▸ Directions: Go to the line below that has "Rose Geometric Reading", print it and each line after it exactly, and stop after the line that has "Final Fantasy XIV Patch 3.1 Title"; leave out pictures.
*** Input material Section Begins ***
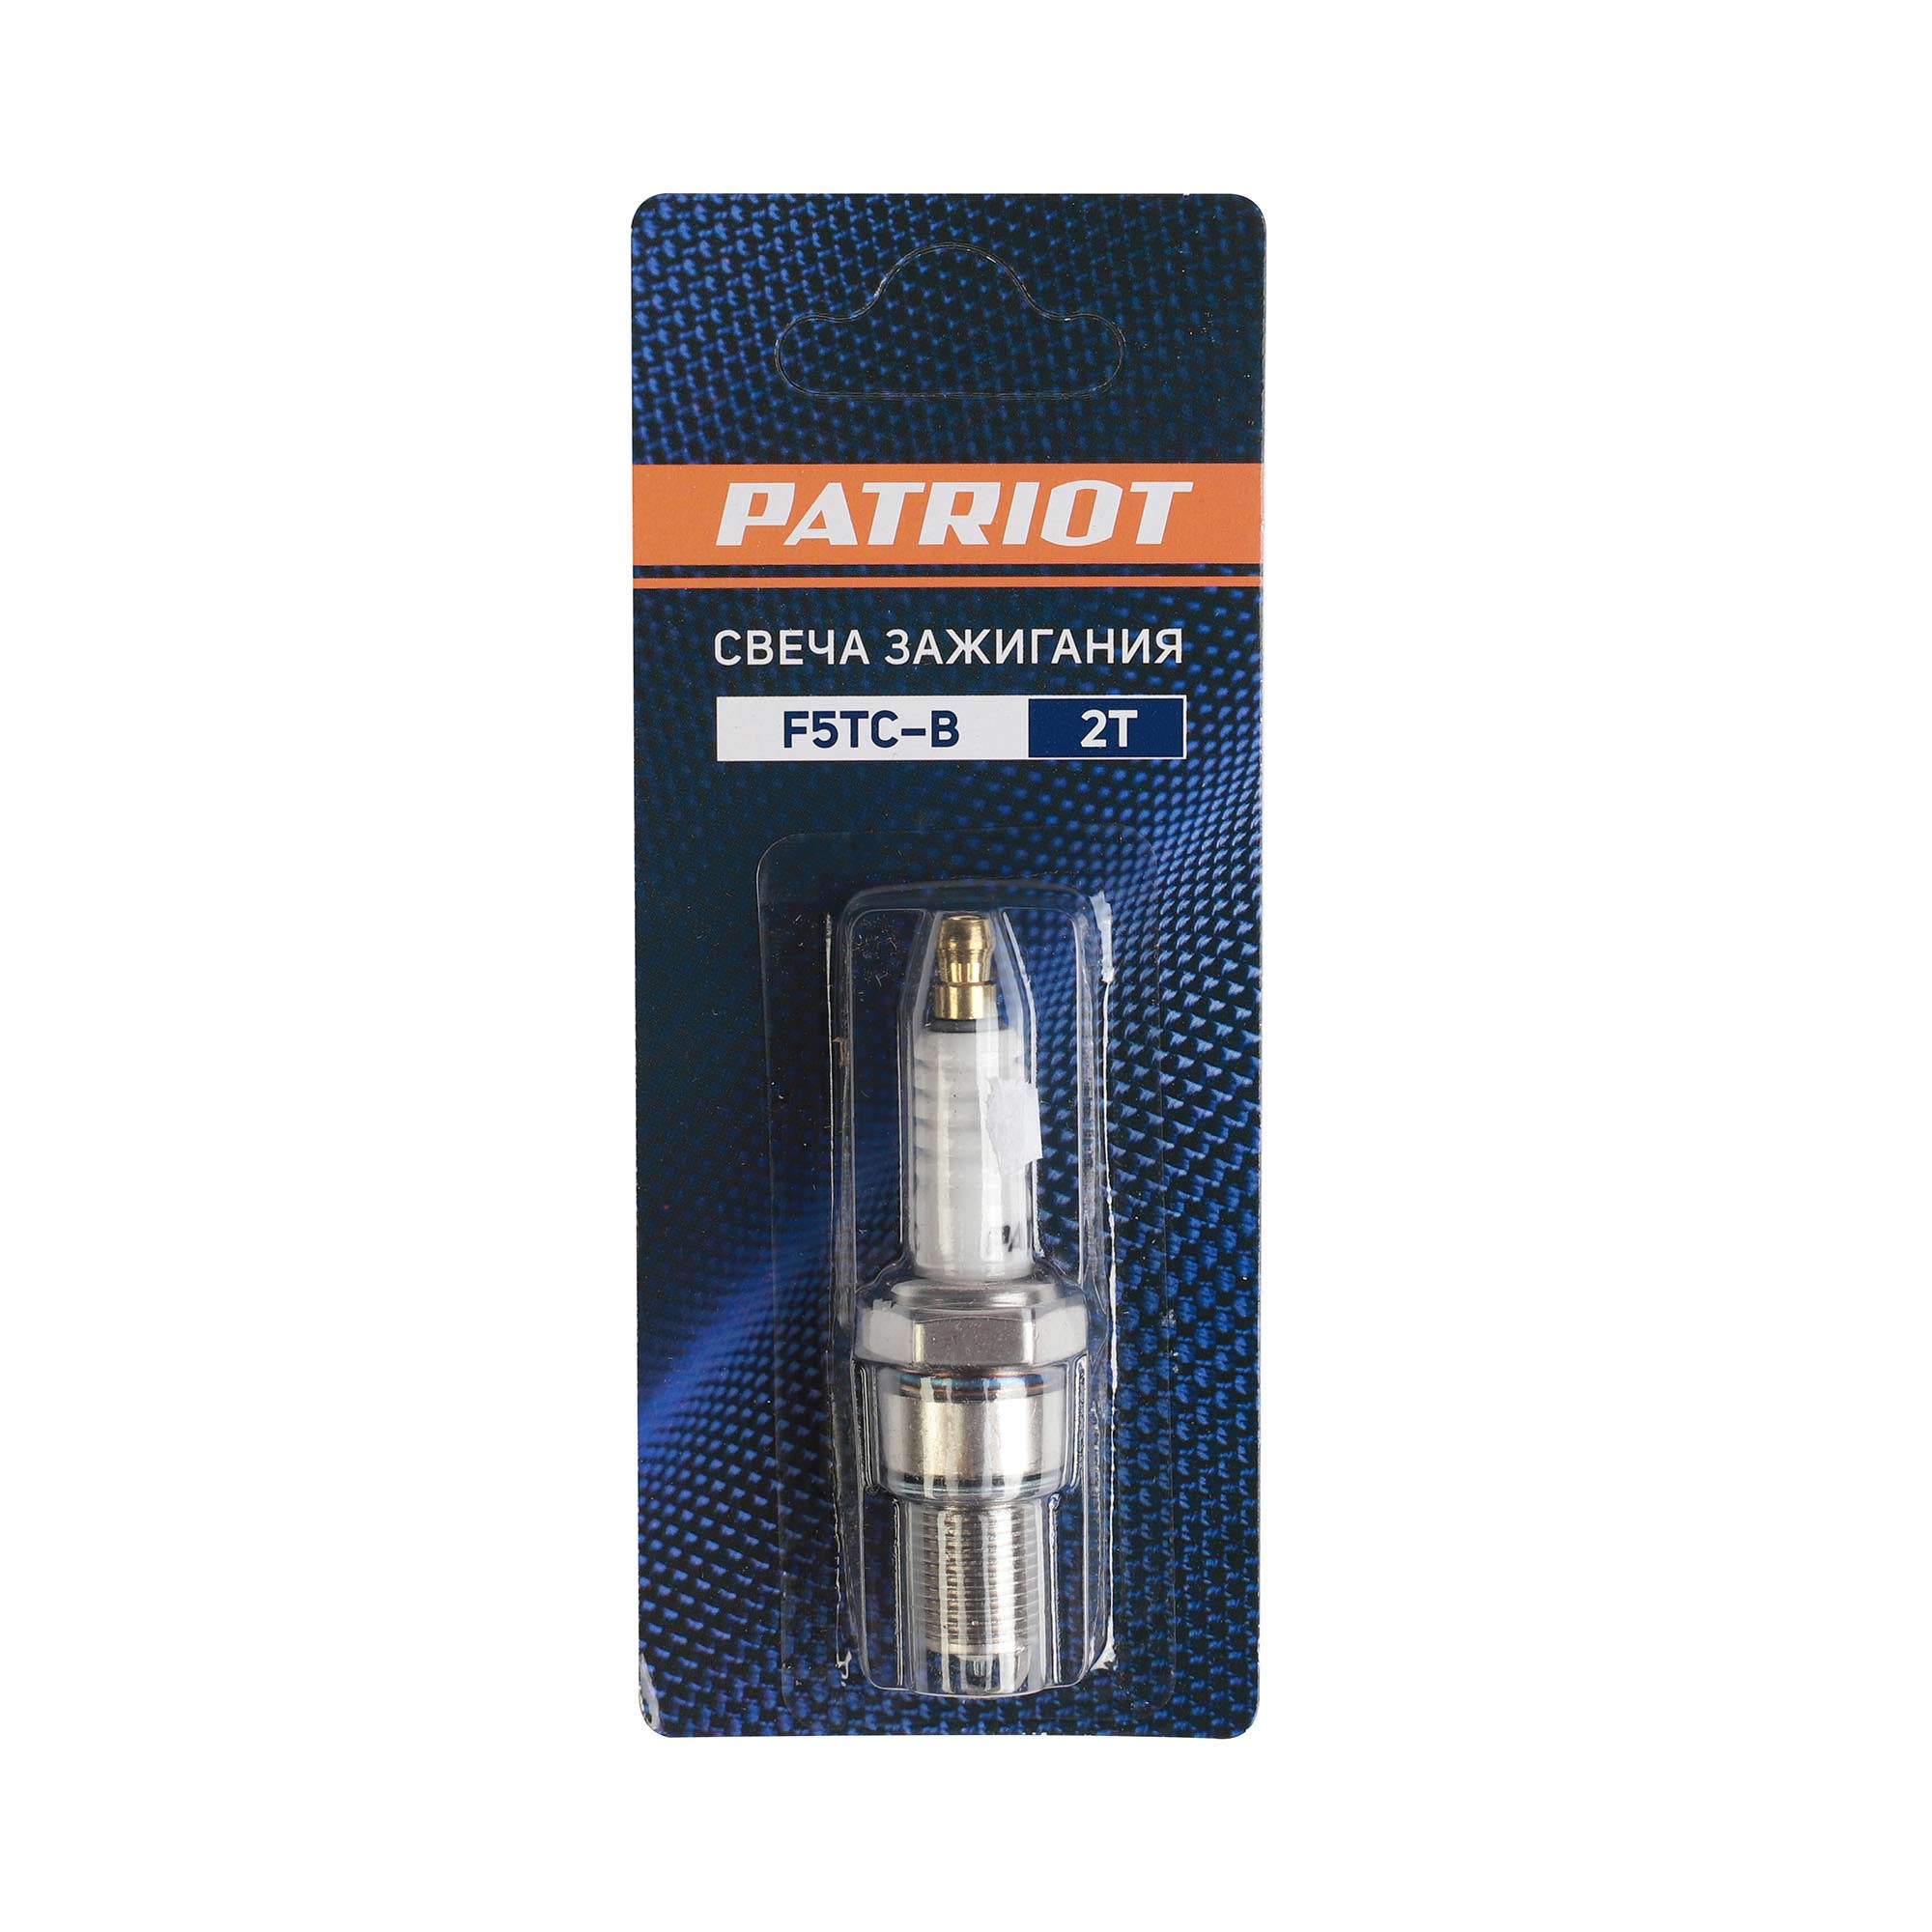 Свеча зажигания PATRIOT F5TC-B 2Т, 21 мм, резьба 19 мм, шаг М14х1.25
*** Input material Section Ends ***
*** Input material Section Begins ***
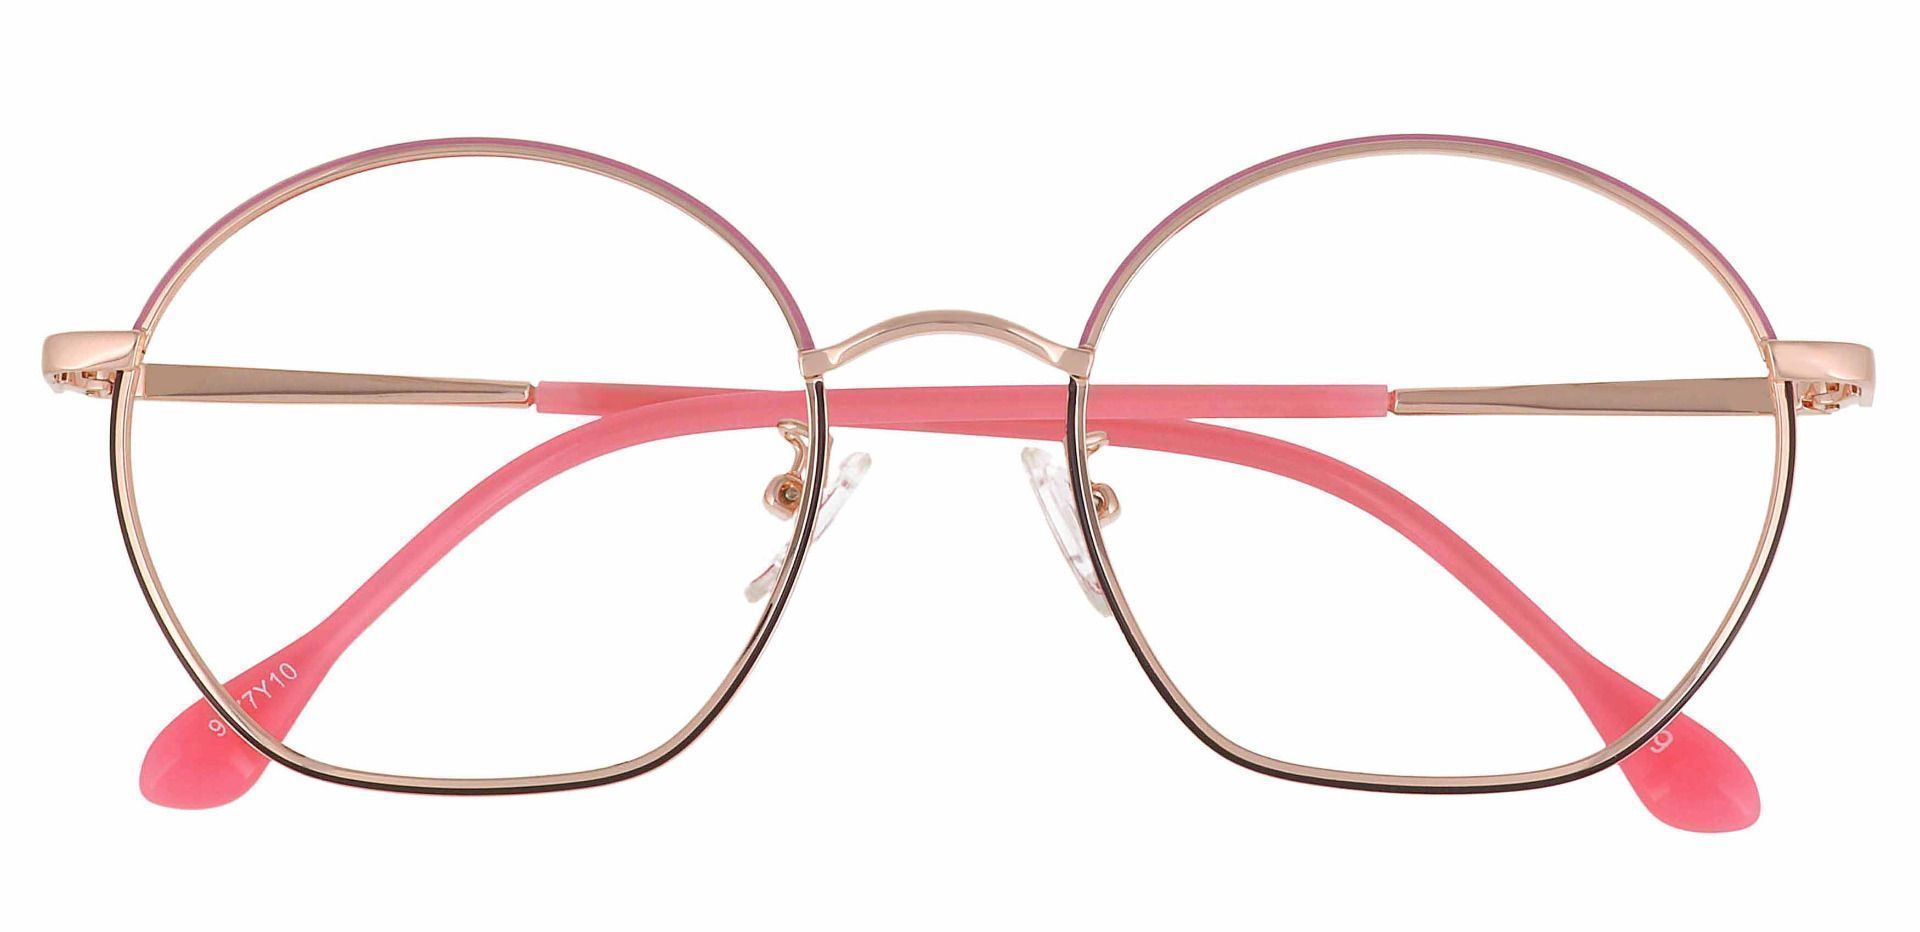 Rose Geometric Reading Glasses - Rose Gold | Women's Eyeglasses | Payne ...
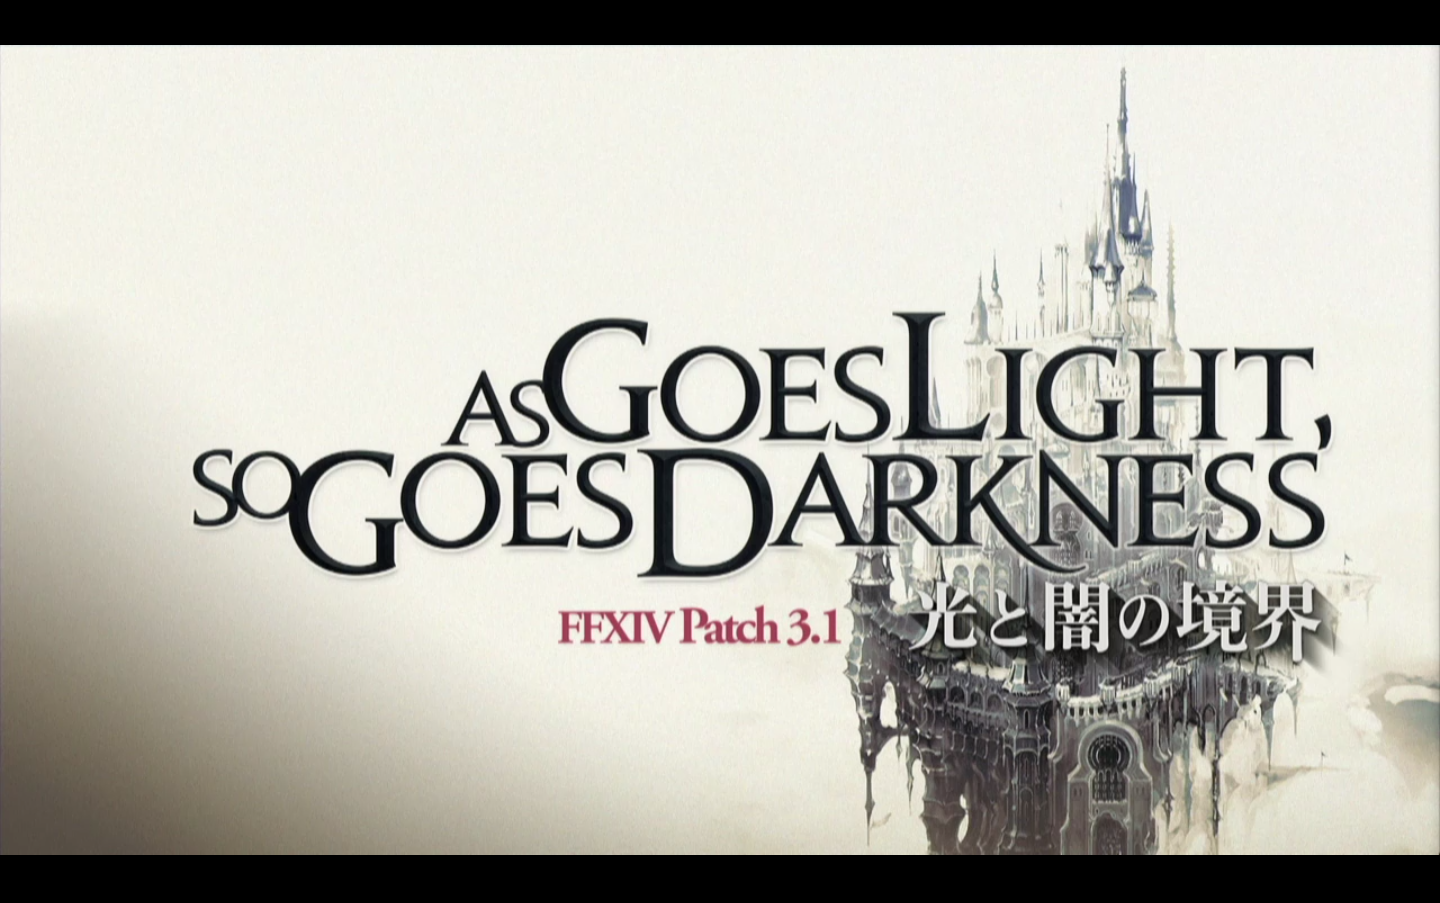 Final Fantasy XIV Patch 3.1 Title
*** Input material Section Ends ***
▸ Exercise solution:
 Rose Geometric Reading Glasses - Rose Gold | Women's Eyeglasses | Payne ...
 Final Fantasy XIV Patch 3.1 Title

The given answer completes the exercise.